=== ABOUT THIS EXERCISE ===
Please write the listing below out again exactly, leaving every picture behind.

=== DATA PROVIDED ===
--------------------------------------------------

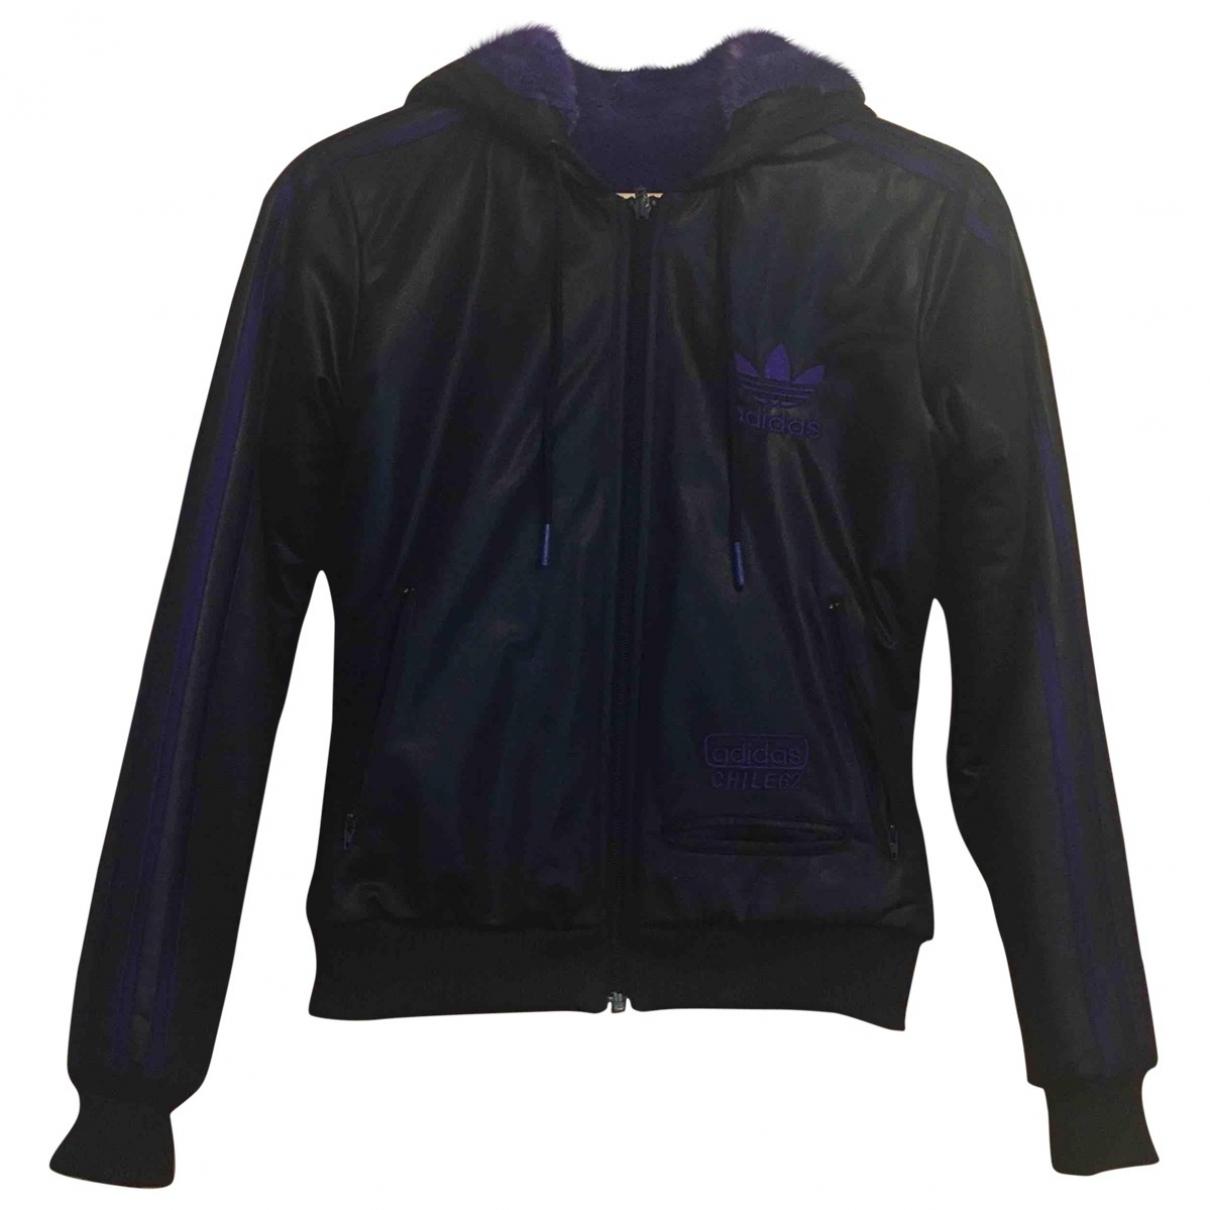 Adidas \N Black jacket for Women 36 FR
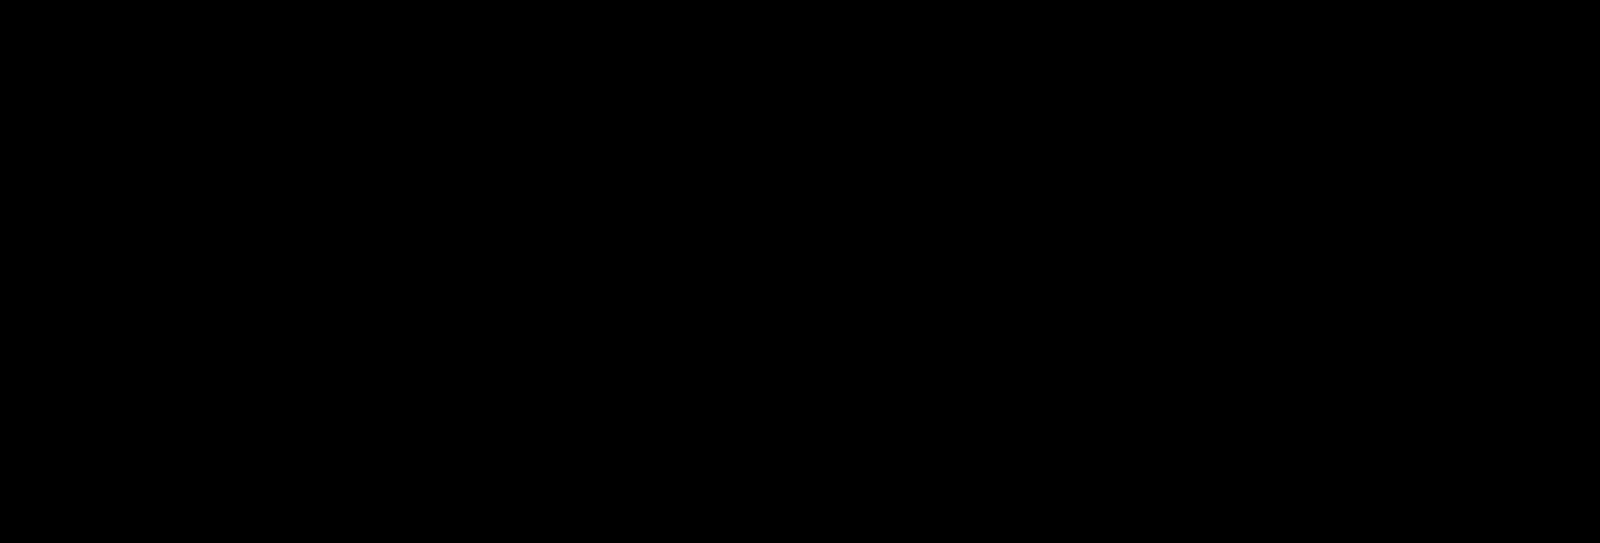 ThePhoenix_Logo
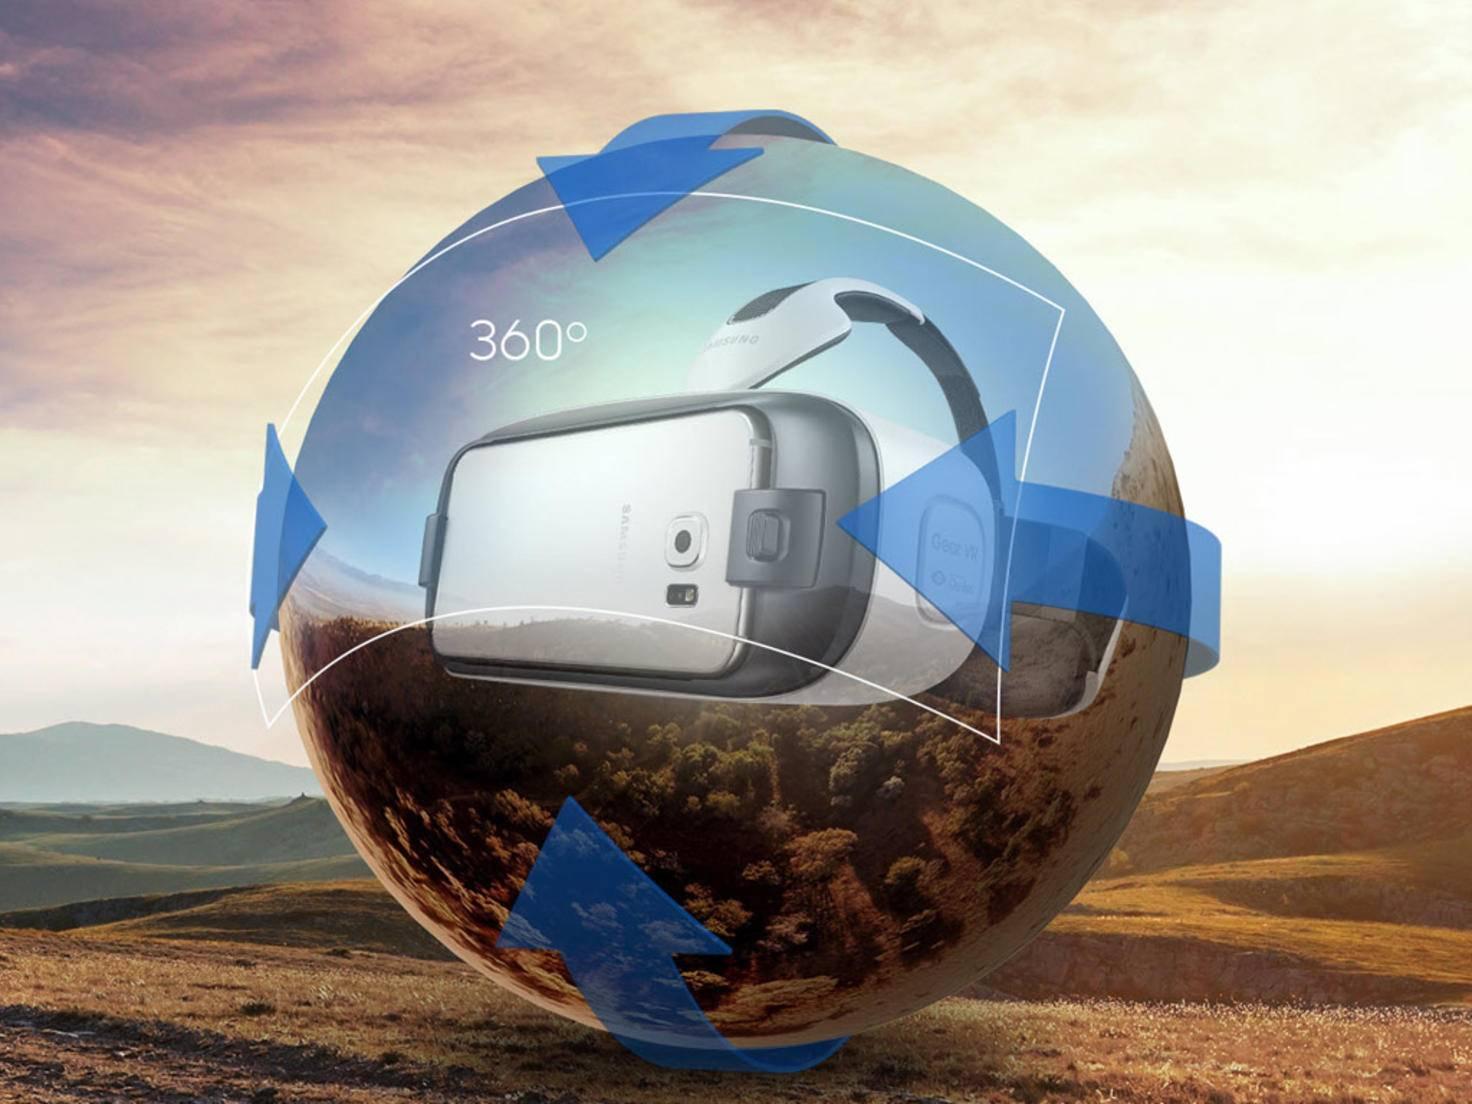 Lebensechte Bilder und 360-Grad-Surround-Seherlebnis.

--------------------------------------------------

=== RESPONSE AREA ===
 Adidas \N Black jacket for Women 36 FR
 ThePhoenix_Logo
 Lebensechte Bilder und 360-Grad-Surround-Seherlebnis.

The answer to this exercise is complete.